Thursday, December 13, 2007

It's A Kind of Magic

I’m dizzy from all this spinning, now I’m thinking that you did all you could when you said ‘my love, take it slowly.’ --“So Damn Lucky” by Dave Matthews

With our digital age, we don’t always know what to expect. When our identities will be stolen or when our faces will be posted all over the web to be blackmailed later on by a third party. Everyday people meet other people, both in person and online. You’ll be pretty damn lucky to find that one person who just clicks with you on a wide array of topics, both personal and with hobbies.

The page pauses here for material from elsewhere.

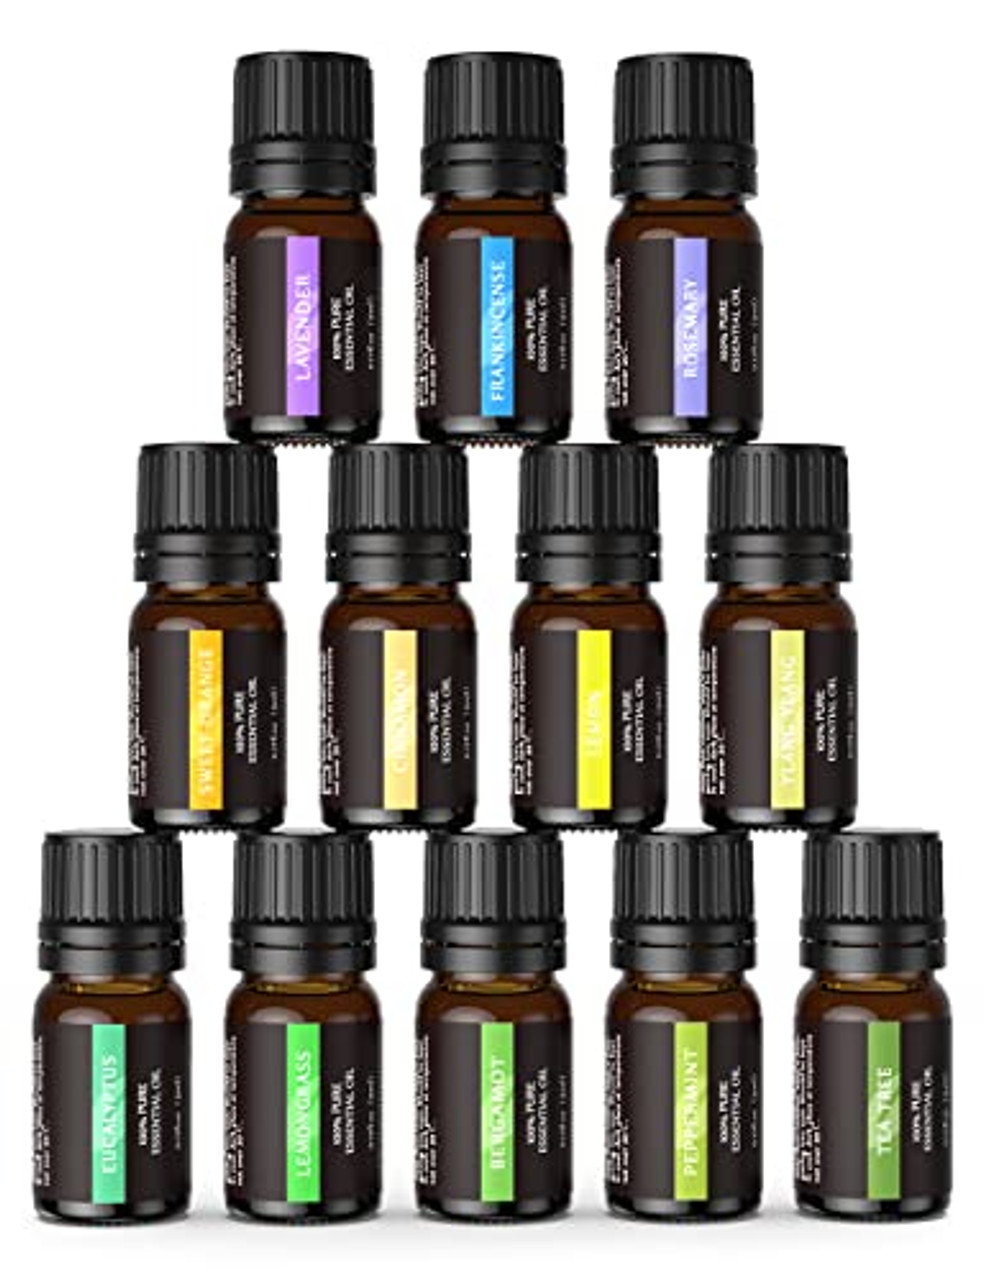 AOSNO Essential Oil Top 12*5ml Essential Oils for Diffusers for Home, Pure  Aromatherapy Oils, Lavender, Peppermint, Eucalyptus, Lemongrass, Orange,  Tea Tree, Bergamot, Cinnamon, Rosemary and More

Let me tell you my story of a kind of love, not sexual love, but a type of “storgē” love. It all started with a ‘friend request’ on MySpace one day, this girl has obviously checked out my page and decided to add me as a friend, the reason why, I’ll get into later. So I check out this girl’s profile page. Oddly enough, I could have sworn up and down my late grandmother’s grave that I’ve seen this girl before; she looked so familiar, and so beautiful. Those big green eyes, those fucking beautiful green eyes, drew me in like a bee to honey. This girl had a form of seductive hypnosis about her in her photos. It was like a piece of art that you couldn’t really get fed up over looking at, and it never ceased to grow old.
So I started writing comments to this girl on MySpace, and she replied. I started asking if she knew me, I also told her that she looked really familiar; she said the same to me. Eventually finding out that she lived in Zanesville, only about thirty miles from me in Cambridge, and I didn’t complain. Luckily we both had Windows Messenger and we exchanged email addresses and talked on there for a good while. I soon realized how quick the scroll bar became only a couple millimeters thick, due to all the text being sent back and forth.

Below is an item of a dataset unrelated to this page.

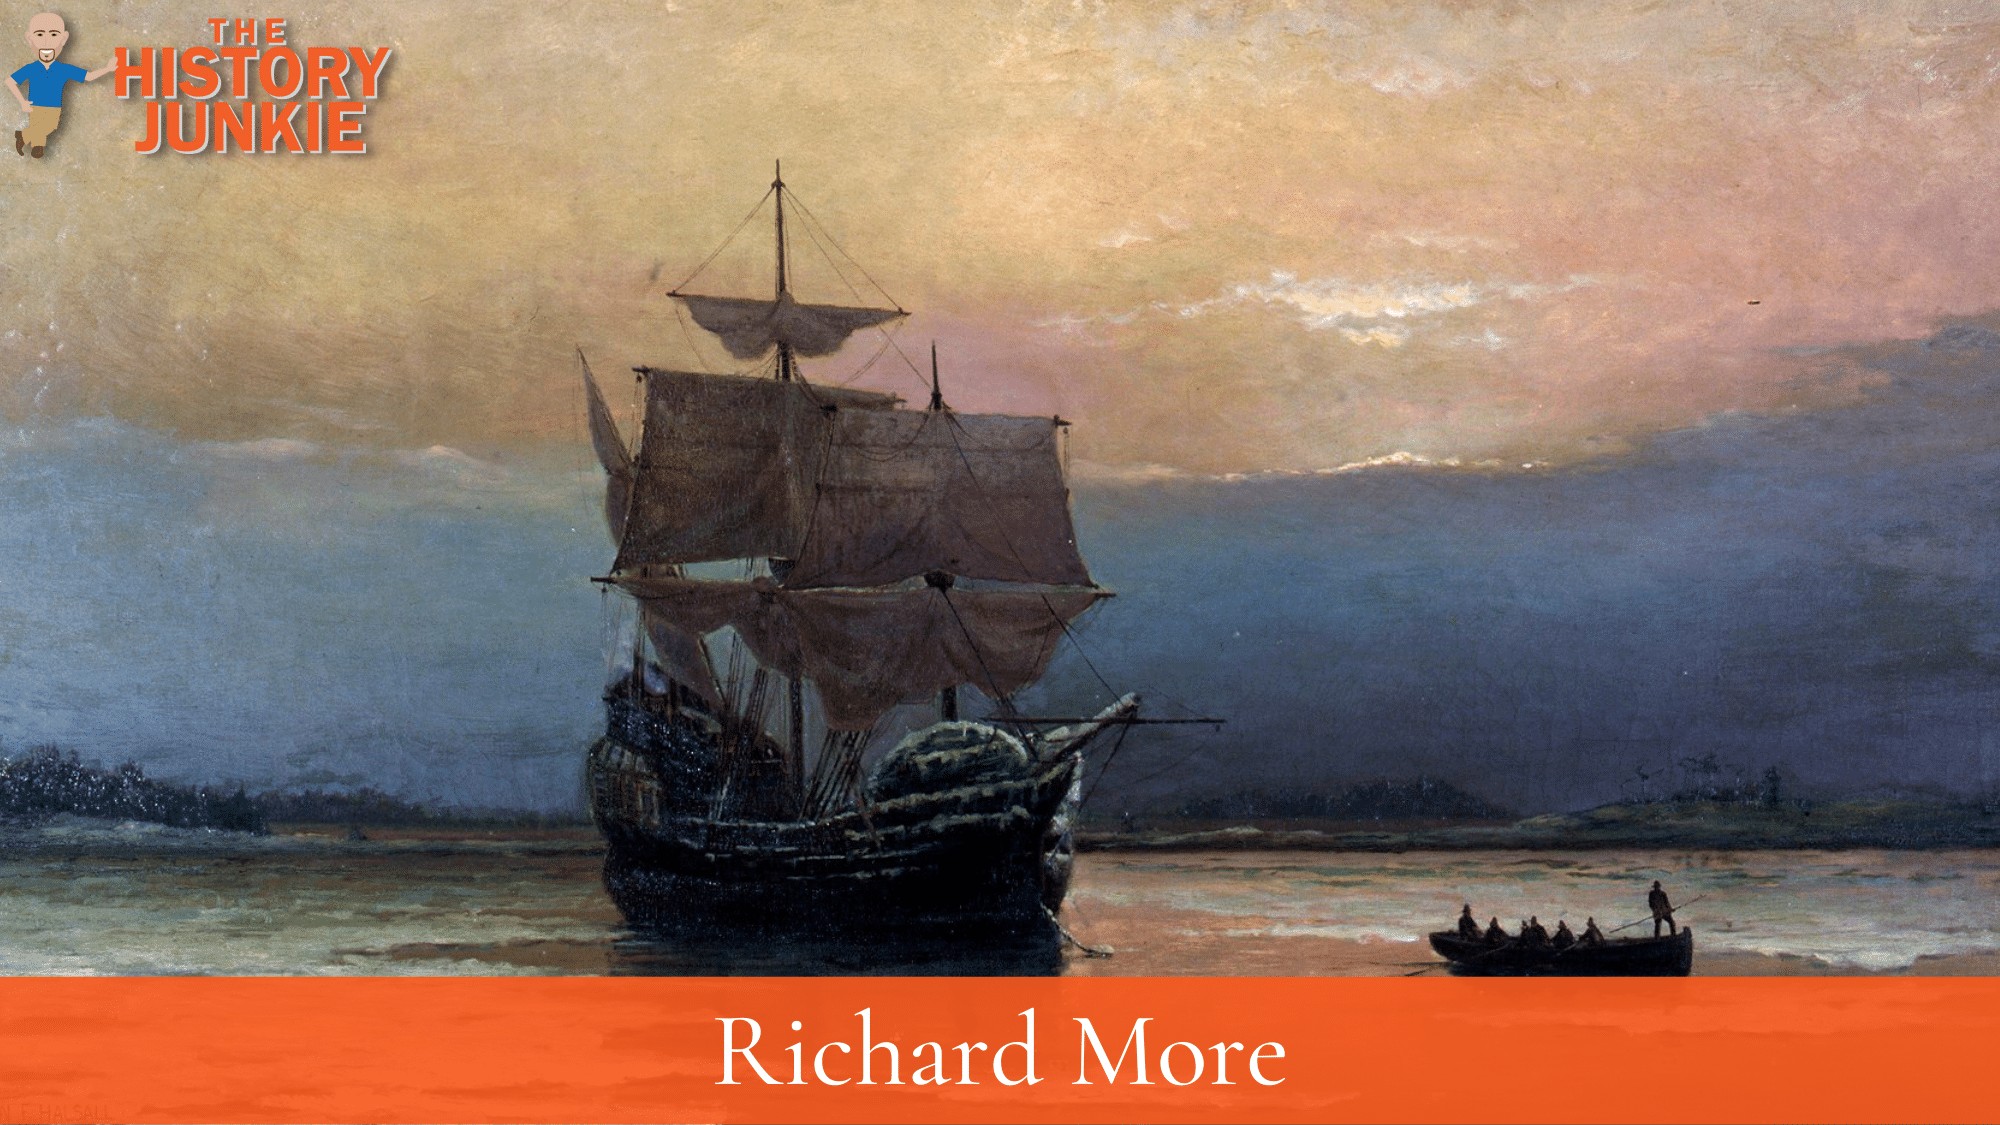 Richard More

The theory of evolution had started, from flirtatious “little nothings” to sharing our own forms of inspiration with each other. To me, this girl was an urban, indie, earthy chic, and one to gain more than a handful of inspiration and reasons to want and walk through a field of wildflowers on a warm, sunny, Sunday afternoon, living in the fisheye lens, with a cool breeze of about seventy degrees and no humidity, and a lot of humility. The humility I had for this girl was that of unrelenting fascination. I wanted to know more, more about what made this girl tick. Some could say at this time, my mind was blooming as much as those who created the monster called admiration. I actually admired this girl for who she was, along with what she offered. I loved this girl for that same reason; she was great, and one of a kind.
That theory of evolution hasn’t ended either.